Go to the line in the entries below that holds "Thần Binh Huyền Kỳ II Chap 100 - Trang 9" and repeat exactly from there through the line that holds "ミディアム 着物 結婚式 ナチュラル ヘアスタイルや髪型の写真・画像", inclusive.

---- The input

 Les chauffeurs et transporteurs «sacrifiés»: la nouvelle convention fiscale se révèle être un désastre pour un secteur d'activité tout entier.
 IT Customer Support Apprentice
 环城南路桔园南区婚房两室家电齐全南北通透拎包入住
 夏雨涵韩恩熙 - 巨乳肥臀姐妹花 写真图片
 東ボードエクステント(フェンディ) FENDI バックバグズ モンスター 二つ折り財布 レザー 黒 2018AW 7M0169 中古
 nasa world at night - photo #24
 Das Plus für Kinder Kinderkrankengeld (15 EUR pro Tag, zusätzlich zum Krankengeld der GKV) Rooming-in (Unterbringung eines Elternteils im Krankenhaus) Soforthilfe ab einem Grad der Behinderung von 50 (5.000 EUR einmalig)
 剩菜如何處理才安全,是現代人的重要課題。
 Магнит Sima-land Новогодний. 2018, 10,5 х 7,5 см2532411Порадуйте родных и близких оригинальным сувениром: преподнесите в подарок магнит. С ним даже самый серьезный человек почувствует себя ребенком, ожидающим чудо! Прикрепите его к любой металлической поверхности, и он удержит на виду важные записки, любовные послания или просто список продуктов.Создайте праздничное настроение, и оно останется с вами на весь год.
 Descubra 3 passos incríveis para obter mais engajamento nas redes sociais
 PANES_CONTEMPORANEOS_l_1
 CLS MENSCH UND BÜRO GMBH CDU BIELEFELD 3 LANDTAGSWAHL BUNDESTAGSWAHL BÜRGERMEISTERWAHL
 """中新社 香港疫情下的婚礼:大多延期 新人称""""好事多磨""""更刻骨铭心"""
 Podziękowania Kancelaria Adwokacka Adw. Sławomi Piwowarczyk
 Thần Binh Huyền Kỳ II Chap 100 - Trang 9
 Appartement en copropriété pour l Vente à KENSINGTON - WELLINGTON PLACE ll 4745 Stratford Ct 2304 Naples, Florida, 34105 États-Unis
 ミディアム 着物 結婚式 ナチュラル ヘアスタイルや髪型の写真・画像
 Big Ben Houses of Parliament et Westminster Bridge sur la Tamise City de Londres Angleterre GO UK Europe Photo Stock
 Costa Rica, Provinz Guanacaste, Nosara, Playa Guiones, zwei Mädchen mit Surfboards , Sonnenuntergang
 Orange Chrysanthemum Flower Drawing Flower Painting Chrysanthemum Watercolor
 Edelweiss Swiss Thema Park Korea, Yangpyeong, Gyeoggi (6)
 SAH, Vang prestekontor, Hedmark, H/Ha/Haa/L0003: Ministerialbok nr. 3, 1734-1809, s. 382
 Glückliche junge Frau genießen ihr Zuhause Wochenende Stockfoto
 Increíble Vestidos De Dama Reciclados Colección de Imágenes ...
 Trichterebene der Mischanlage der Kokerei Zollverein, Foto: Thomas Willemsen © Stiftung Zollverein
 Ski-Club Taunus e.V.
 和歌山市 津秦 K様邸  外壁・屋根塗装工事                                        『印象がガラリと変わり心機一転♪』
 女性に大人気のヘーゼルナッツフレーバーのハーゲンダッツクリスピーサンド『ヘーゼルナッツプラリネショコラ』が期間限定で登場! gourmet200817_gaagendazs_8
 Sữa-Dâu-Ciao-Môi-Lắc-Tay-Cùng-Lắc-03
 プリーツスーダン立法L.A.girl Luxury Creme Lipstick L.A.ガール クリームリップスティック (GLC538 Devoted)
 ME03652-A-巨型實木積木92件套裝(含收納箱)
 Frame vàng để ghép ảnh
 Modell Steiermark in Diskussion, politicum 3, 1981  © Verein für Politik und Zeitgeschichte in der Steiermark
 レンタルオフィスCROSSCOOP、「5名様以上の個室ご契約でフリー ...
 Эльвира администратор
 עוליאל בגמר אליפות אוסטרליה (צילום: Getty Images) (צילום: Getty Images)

--------

** Result of this exercise **
 Thần Binh Huyền Kỳ II Chap 100 - Trang 9
 Appartement en copropriété pour l Vente à KENSINGTON - WELLINGTON PLACE ll 4745 Stratford Ct 2304 Naples, Florida, 34105 États-Unis
 ミディアム 着物 結婚式 ナチュラル ヘアスタイルや髪型の写真・画像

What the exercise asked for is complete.